A mão paralisada é a impotência de controlar a própria vida. Ao restituir os movimentos, a força, a saúde à mão do moço da sinagoga, Jesus o impele a ser novamente o protagonista de sua história. O que paralisa nossas mãos, isto é, o que nos impede de decidirmos os rumos da saúde-salvação-paz das/os jovens? De que forma podemos combater esse poder que nos oprime?
Sem dúvida, é fundamental continuar a discutir a cura do câncer, da AIDS, do ebola etc. As DSTs devem continuar sendo uma preocupação. Não podemos ignorar os males do século (estresse, ansiedade, depressão...). Mas parece que já existem especialistas empenhados em resolver essas questões. Então o que fazer? Que tal respondermos às seguintes perguntas: o que mais priva as/os jovens de manter a saúde-salvação-paz? O que as/os impede de ter qualidade de vida, de ter vida plena? Quais as causas de seus males? É possível combatê-las?
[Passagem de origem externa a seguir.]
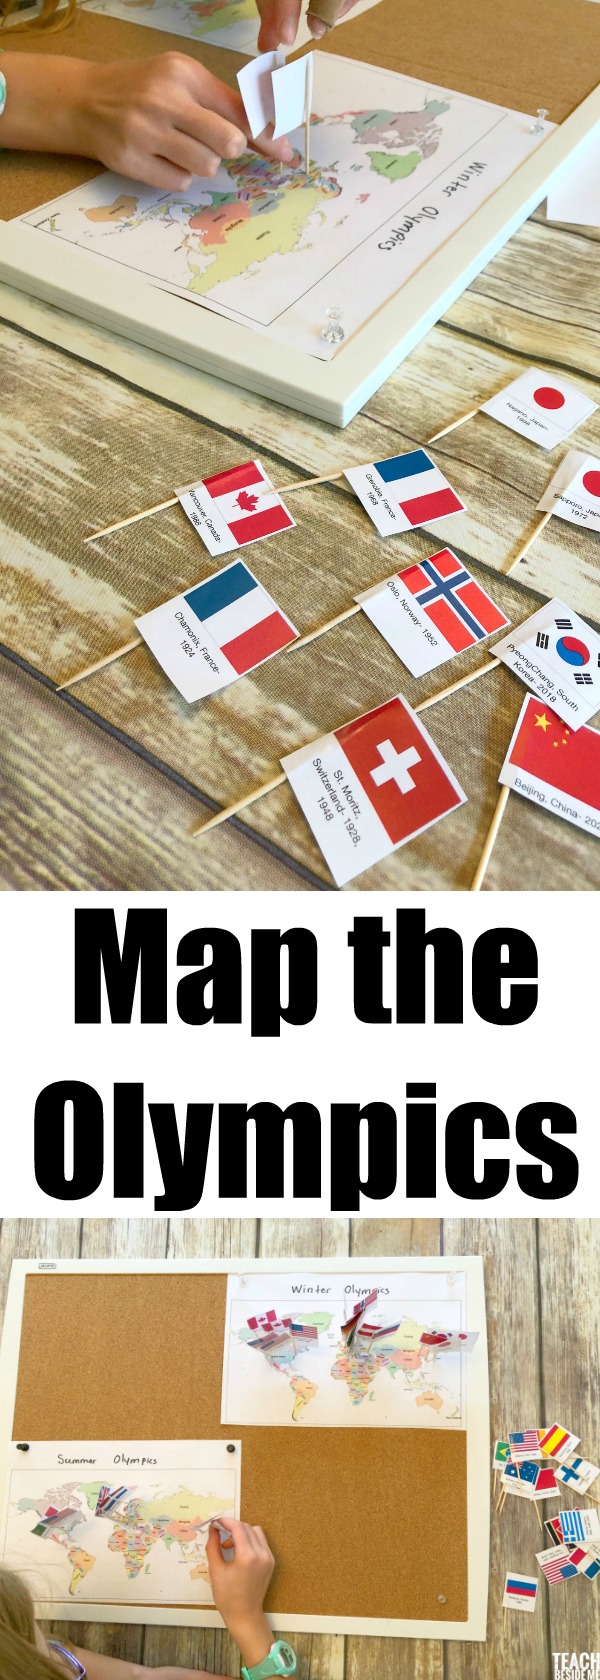 map-the-olympics.jpg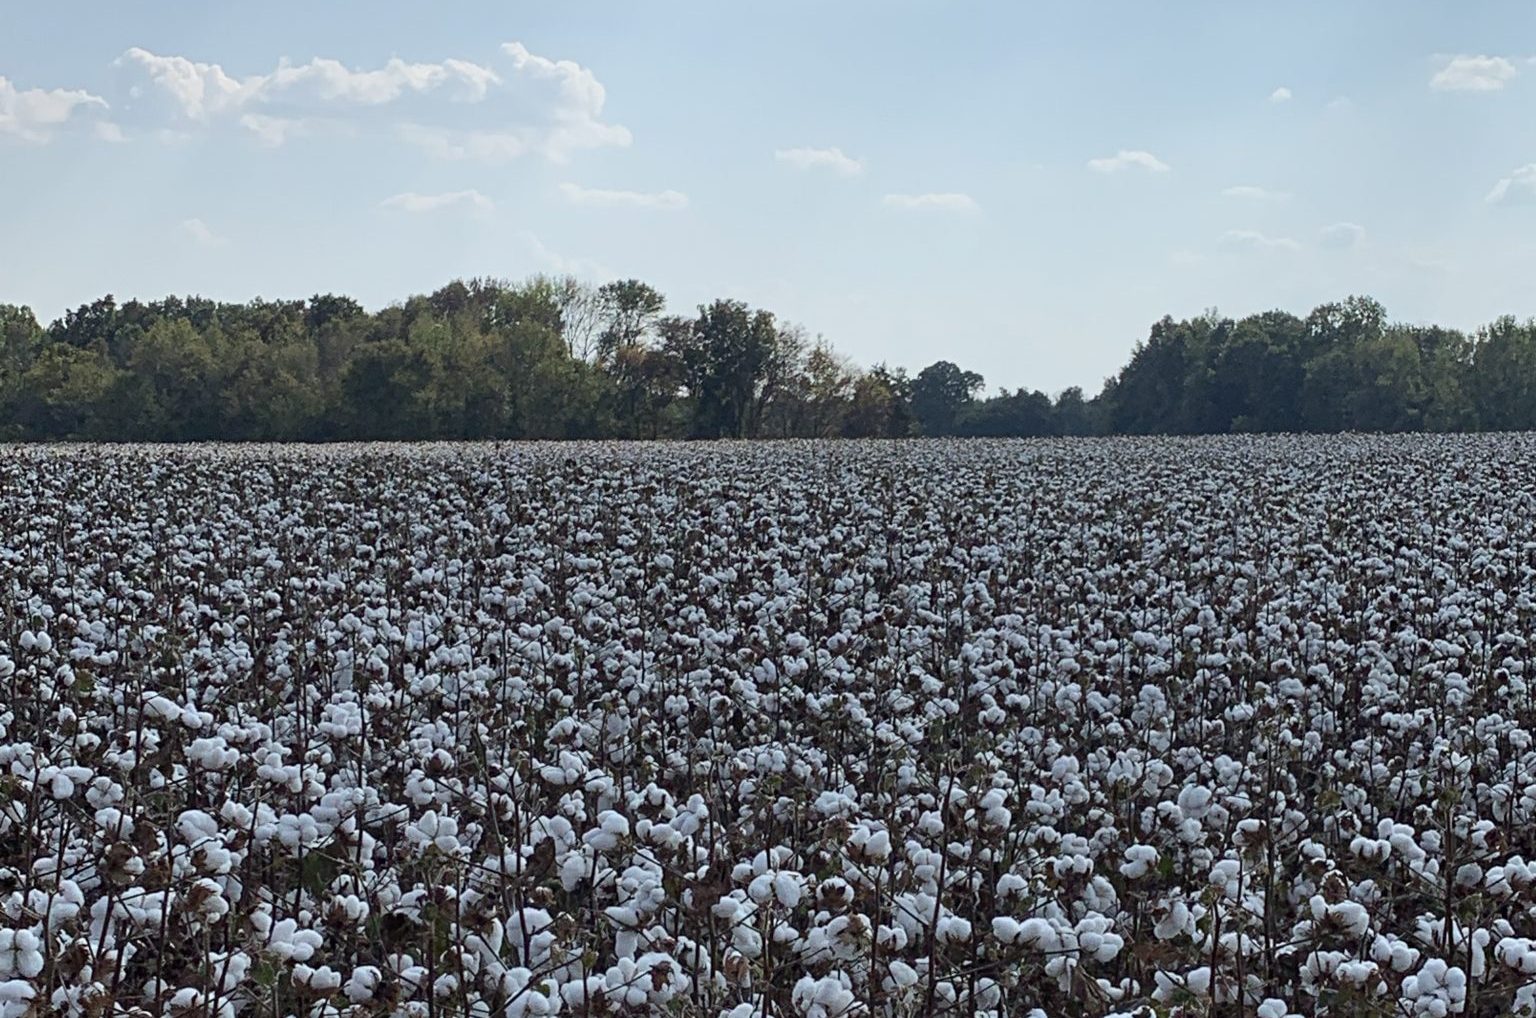 Application of Cotton Defoliation Aids in Alabama - Alabama

Juntos ou sozinhos? De qualquer jeito ou de forma sistematizada? Através das instituições ou longe delas? Que ações concretas já existem ou poderão ser organizadas? Quais as parceiras e parceiros que poderão ajudar?
Ainda que pouco possamos fazer, se conseguirmos ao menos colocar a saúde na pauta dos centros de decisão, já teremos dado nossa contribuição para o debate. Porém, não descansemos nunca, ousemos sempre mais. Melhor será o dia em que o poder realmente emanar das mãos (curadas, libertas) do povo, garantindo saúde-salvação-paz-vida plena para nossas/os jovens.



[1] Utilizamos o dicionário online Michaelis por considerá-lo, quanto a este verbete, o mais completo. Ver: http://michaelis.uol.com.br/moderno/portugues/index.php?lingua=portugues-portugues&palavra=sa%FAde
[2] MESTERS, Carlos; Os Profetas e a Saúde do Povo – Série “A Palavra na Vida”, pág. 8 a 9. CEBI, São Leopoldo, Brasil, 2008.
[3] WAISELFISZ, Julio Jacobo: Mapa da Violência 2011 – Os Jovens do Brasil, pág. 75, Instituto Sangari, São Paulo, 2011.